Природа боится пустоты - Дмитрий Александрович Фёдоров
собственное отличие, которое выводится из сущности (для человека это, например, способность шутить и говорить, а также ходить на двух ногах, то есть всякий признак, естественное отсутствие которого означает, что рассматриваемый объект не является человеком);
случайное отличие (для человека это, например: быть блондином или кареглазым, или же сидячее положение, или же состояние усталости, то есть всякий признак, отсутствие которого не приведет к тому, что объект перестает быть человеком).

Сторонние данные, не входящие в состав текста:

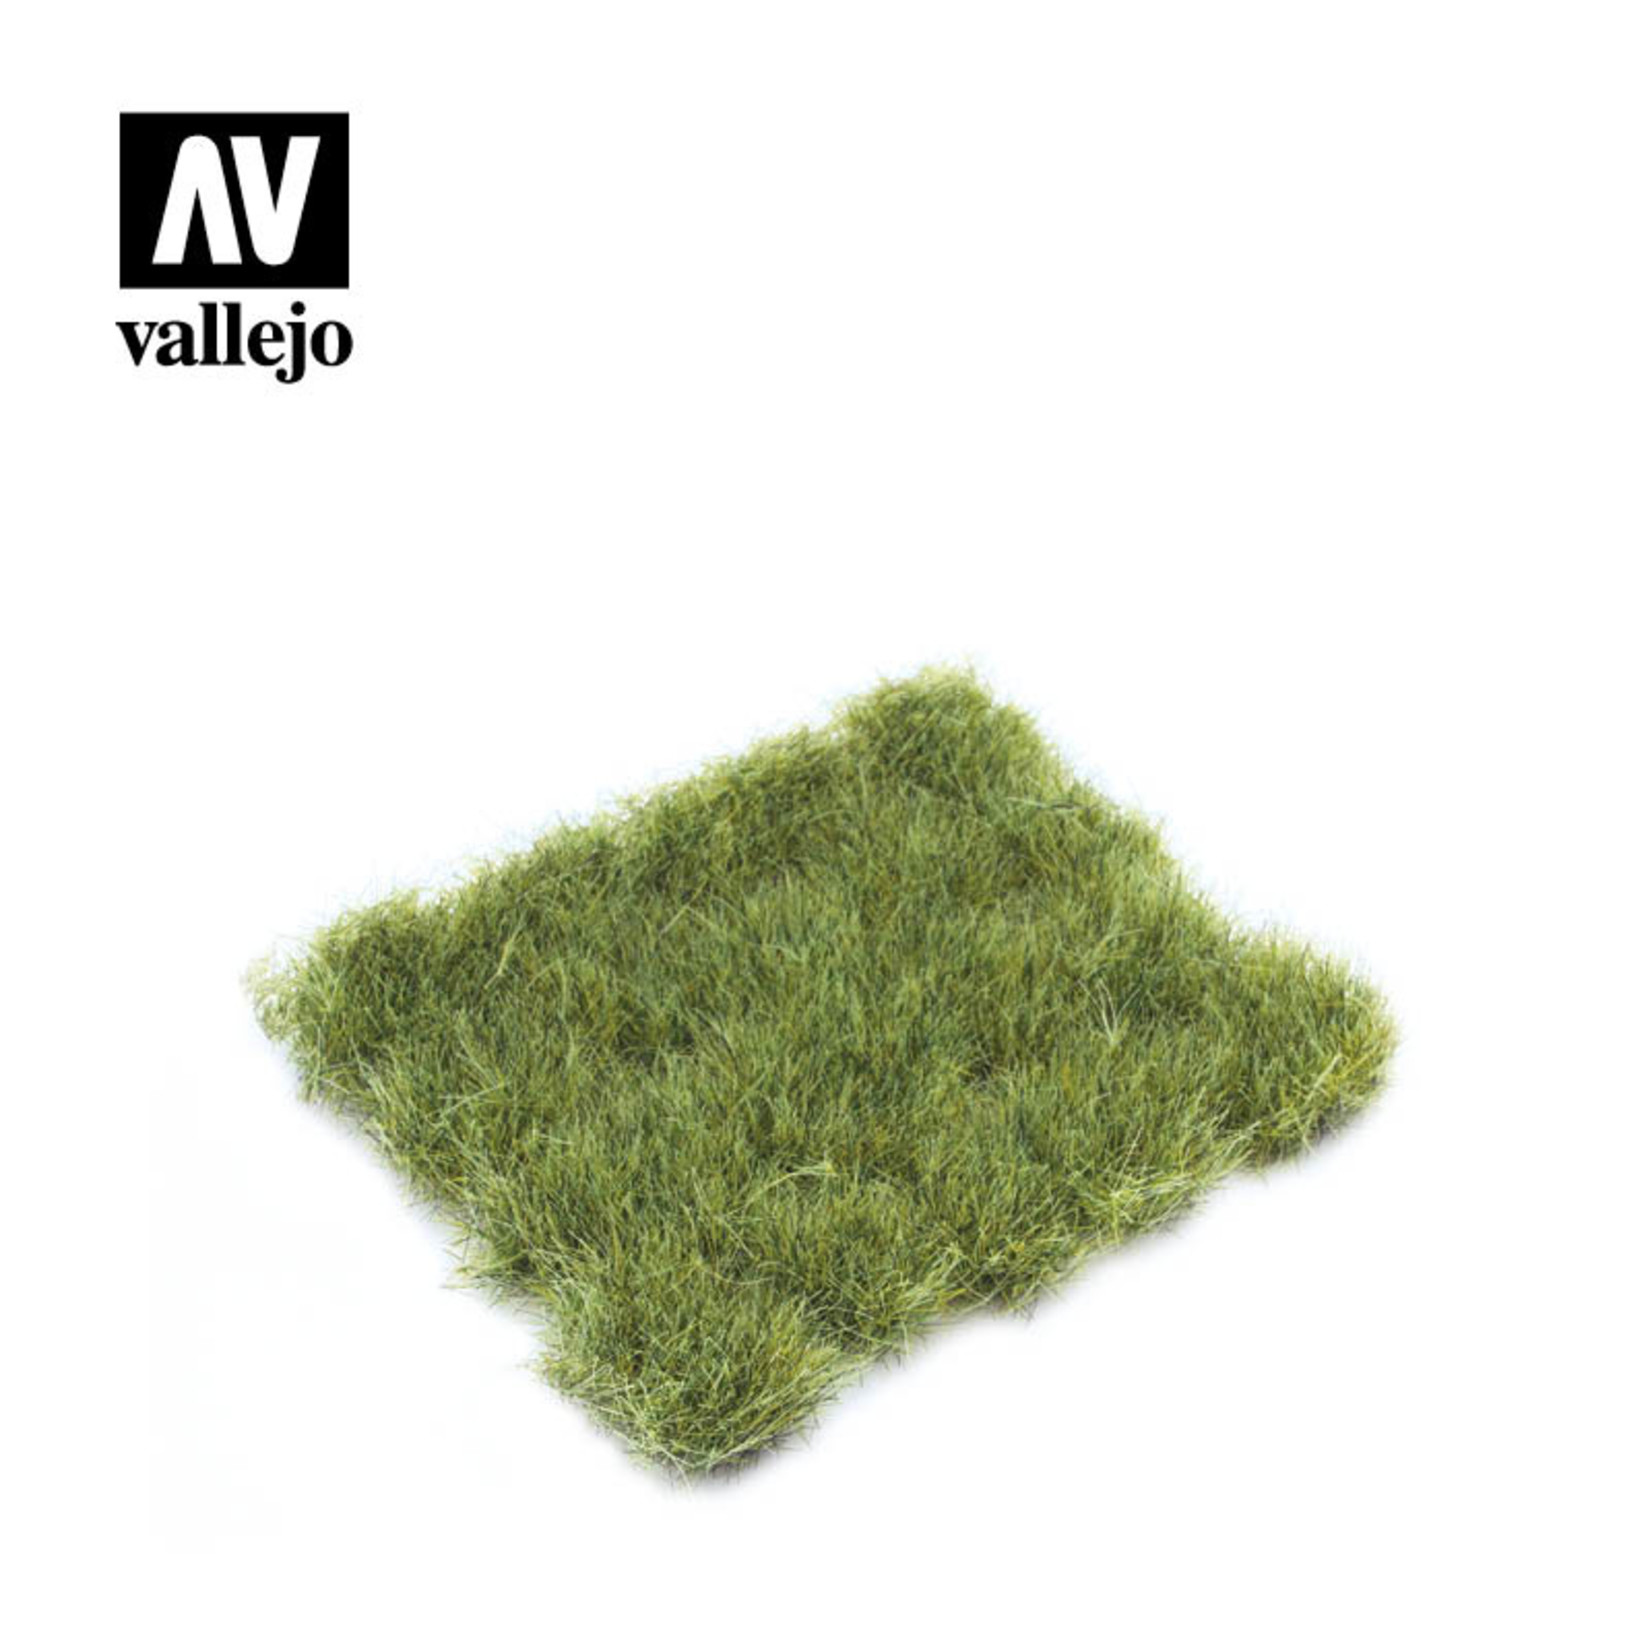 Vallejo Vallejo Scenery: Wild Tuft: Jungle: Extra Large
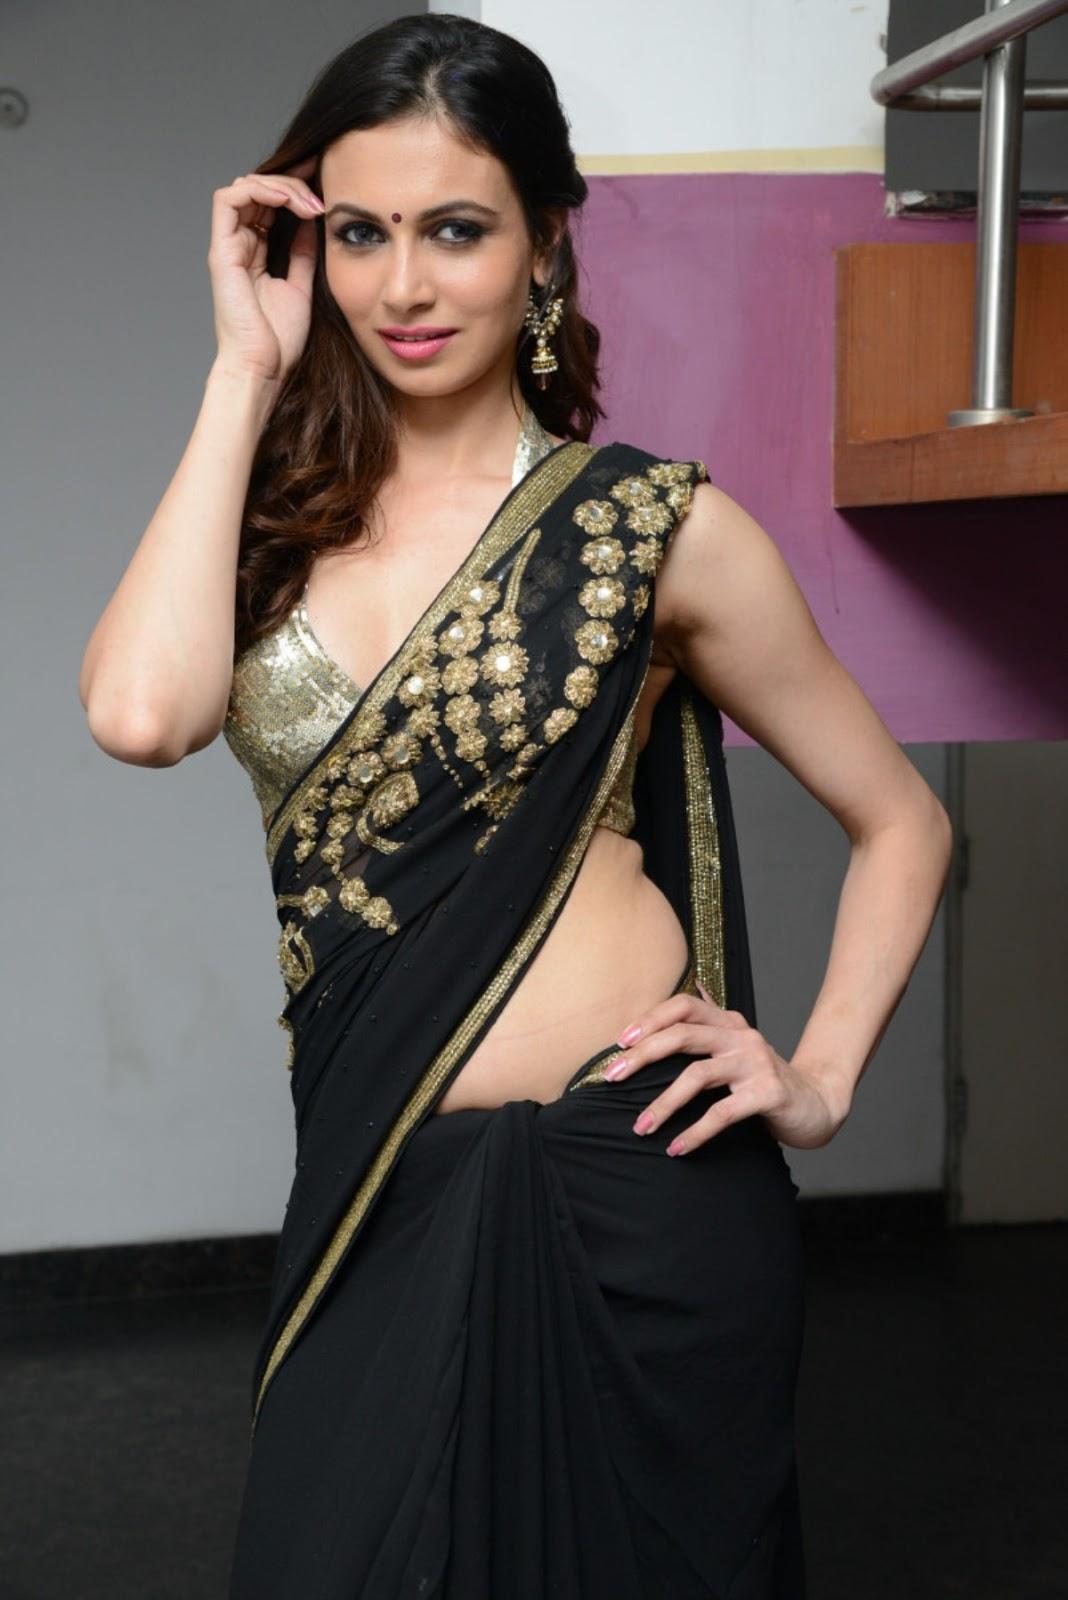 Simran Kaur Hot Cleavage Show Photos In Saree - Hot Blog -1640

Иными словами, Аристотель постарался создать лингвистический инструмент для формирования точных суждений (по большей части — систематизировал и чётко обозначил грамматику древнегреческого языка), но предложенная структура получилась обманчивой. С одной стороны она выглядела стройной и хорошо ложилась на рассматриваемые Аристотелем примеры, однако стоило лишь немного сменить область исследований (начать говорить о других предметах, явлениях или идеях) и красота системы тут же сменялась множеством сложностей, преодолеть которые почти никому не удалось. Ситуация усугублялась тем, что в философских работах речь обычно шла не о животных, растениях посуде или мебели, но о высших метафизических материях (первоначалах, Боге, грехе, душе и тому подобных), суждения о которых при желании можно было классифицировать как угодно, либо же вовсе отказать им в праве на классификацию. Порфирий не до конца понял оригинальное учение о предикабилиях (как мы уже знаем, причин этому могло быть очень много: от своеобразной древней терминологии до плохой сохранности рукописей), но его попытка пересказать Аристотеля определила судьбу развития всей западной логики.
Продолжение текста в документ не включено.